There are also concerns at CNN about Malone’s potential influence on the network’s editorial tone, which, during the Trump years, centered opinion in prime time more than it ever had. Some at the network have argued that the Trump Presidency and its assault on fact and the press necessitated that change in tone and emphasis. A few months ago, in another interview with CNBC, Malone said, “I would like to see CNN evolve back to the kind of journalism that it started with and actually have journalists—which would be unique and refreshing.” CNN’s chief media correspondent, Brian Stelter, interpreted the remark ominously, writing, “Malone’s comments stoked fears that Discovery might stifle CNN journalists and steer away from calling out indecency and injustice.” Malone once praised Rush Limbaugh for his willingness “to say politically incorrect things” and told Ken Auletta, in the 1994 New Yorker Profile, that he and his wife were “not socialistic.”
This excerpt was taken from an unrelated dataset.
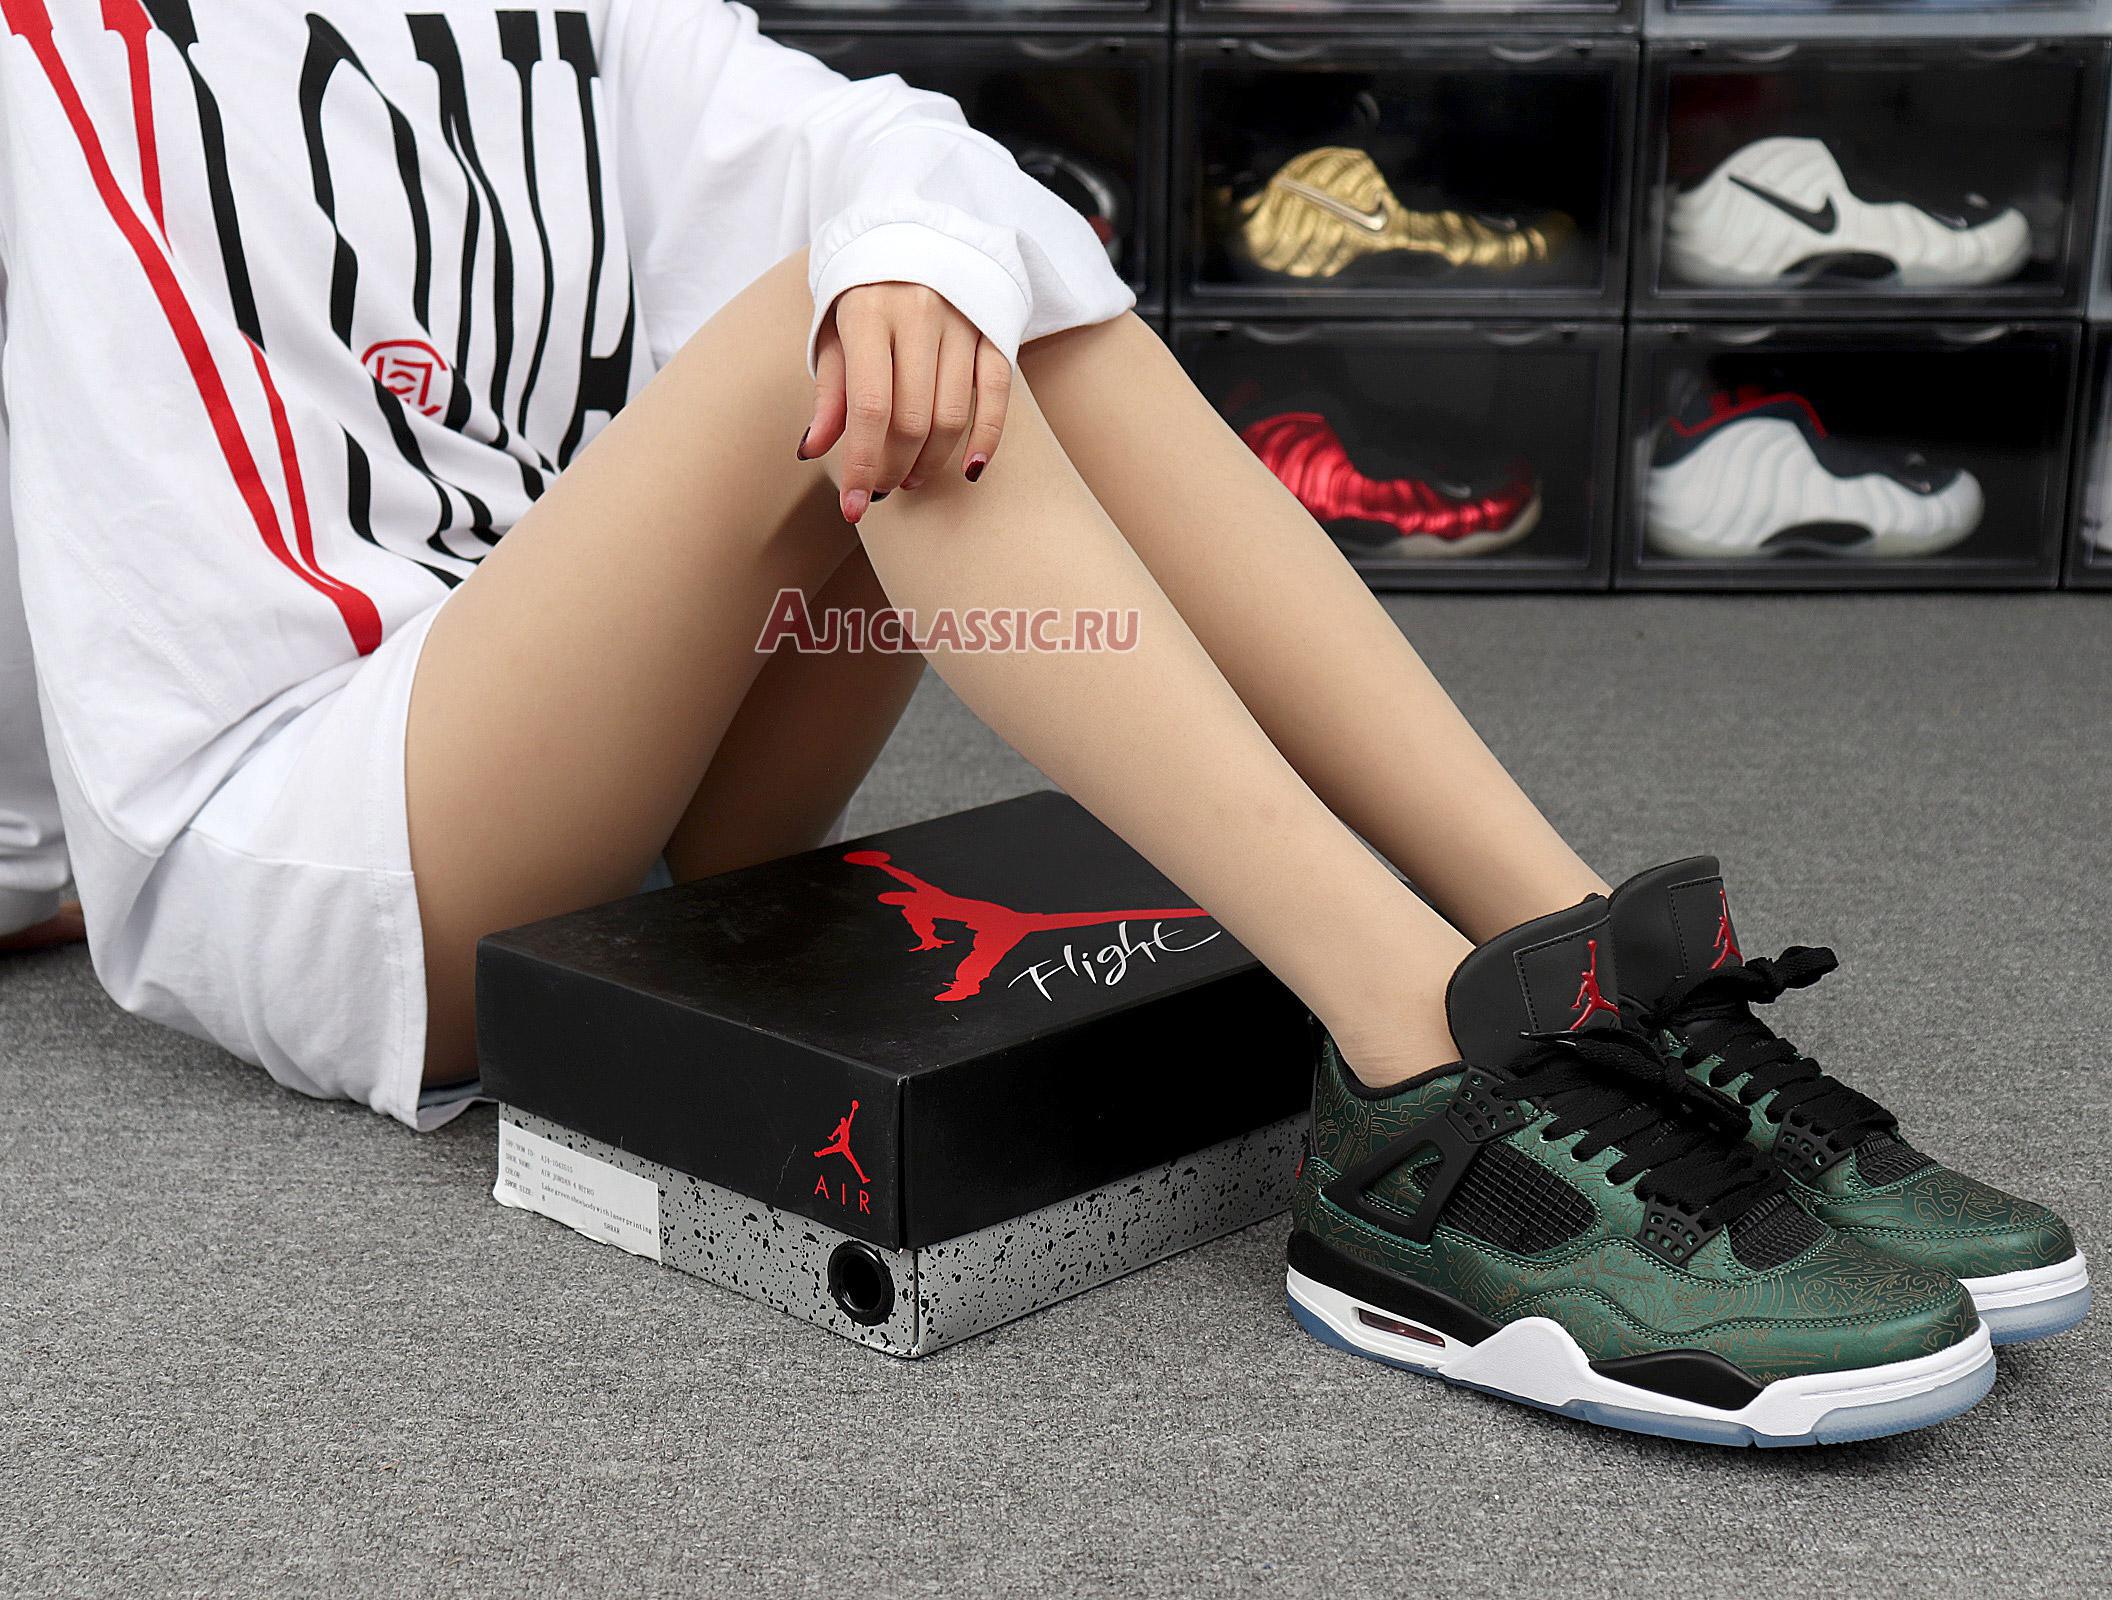 Air Jordan 4 Laser Jalen Ramsey AJ4-1043515 Green/Black Sneakers
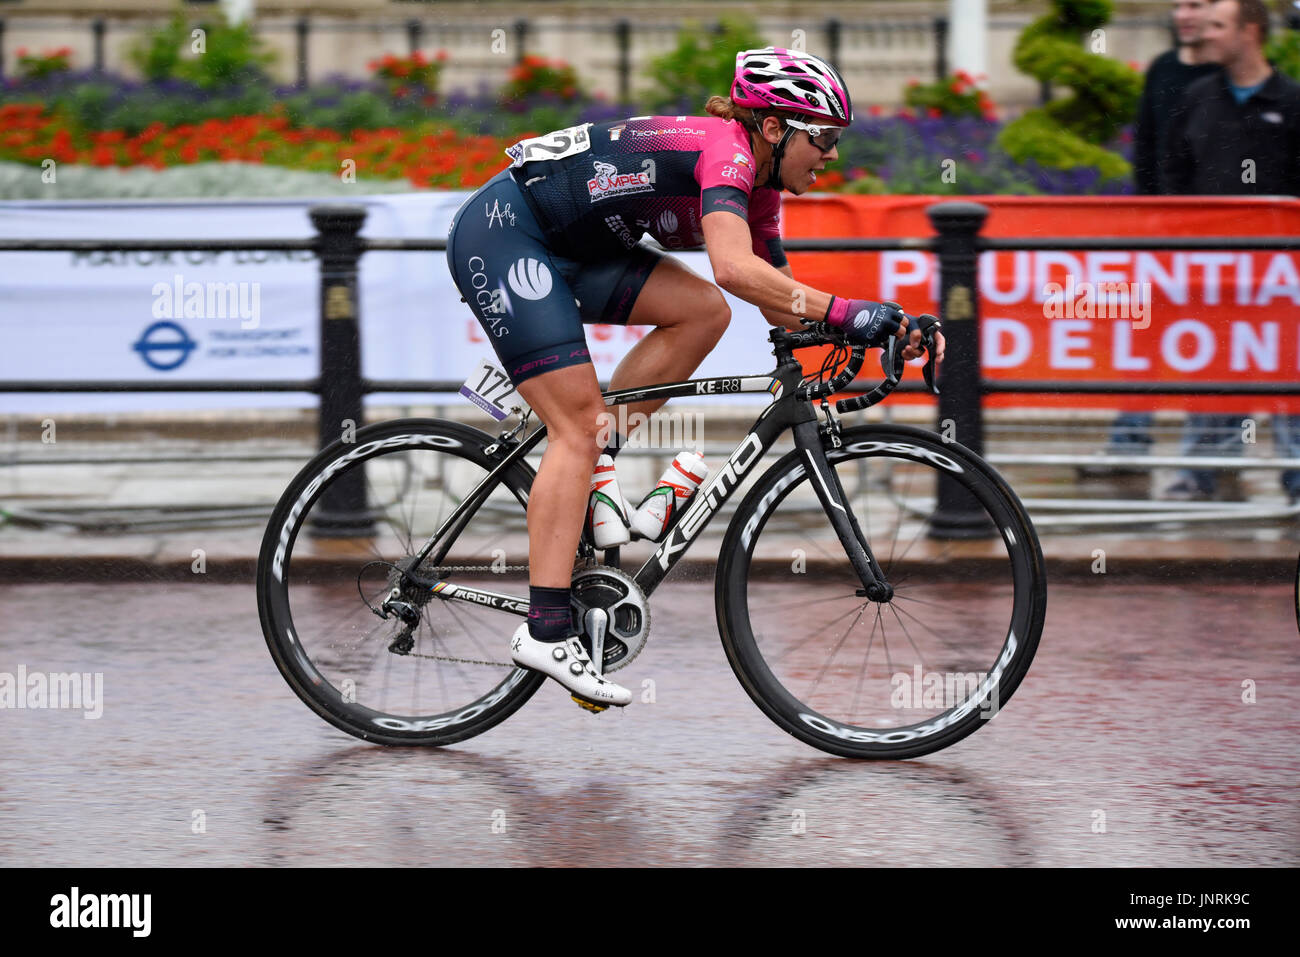 Classique UCI World Tour carrera de ciclismo profesional para mujeres.  Parte del evento de ciclismo Ride London en St. James's Park, Reino Unido  Fotografía de stock - Alamy

Malone has called the idea of selling off CNN to make some cash “the coward’s way out.” But, given his lifelong proclivity for consolidation, there’s another move that he could advocate for in the relatively near future: he might want to sell off Warner Bros. Discovery to another, bigger streaming service. “I think that the number of people trying to do scripted programming on a global basis and buying this content away from each other will thin out as some people make it and some don’t,” he said, in 2019. “At some point some of the players are going to look at the numbers and they’re going to say, you know, we no longer have belief that . . . hail mary passes are going to keep working.” Cool and analytic, Malone could one day conclude that it would be best to cut loose from the streaming experiment as soon as the bottom line doesn’t compute.

In fact, the Warner Bros. Discovery deal is structured to make a sale quite feasible if the company decides—as A.T. & T. did—that it can’t compete on its own as a streaming giant. The great unbundling and re-bundling of media assets is still in its early stages, after all. “There’s going to be winners and losers,” Malone said, last year, of the transition from cable to streaming. “We’re only in the third inning of this nine-inning game.” It’s one he’ll want to win, if only for the hell of it. “I have earned so much money that money doesn’t interest me,” he told the German publication Der Spiegel, in 2001. “Now it is only the love of the game that drives me.” While he’s not the only powerful player at the new Warner Bros. Discovery table, he will undoubtedly still have a voice. “If you invite an eight-hundred-pound gorilla to lunch, he’s going to eat what he wants,” the person familiar with Malone said. “He has a seat at the table, and he’s very good at expressing his opinions.”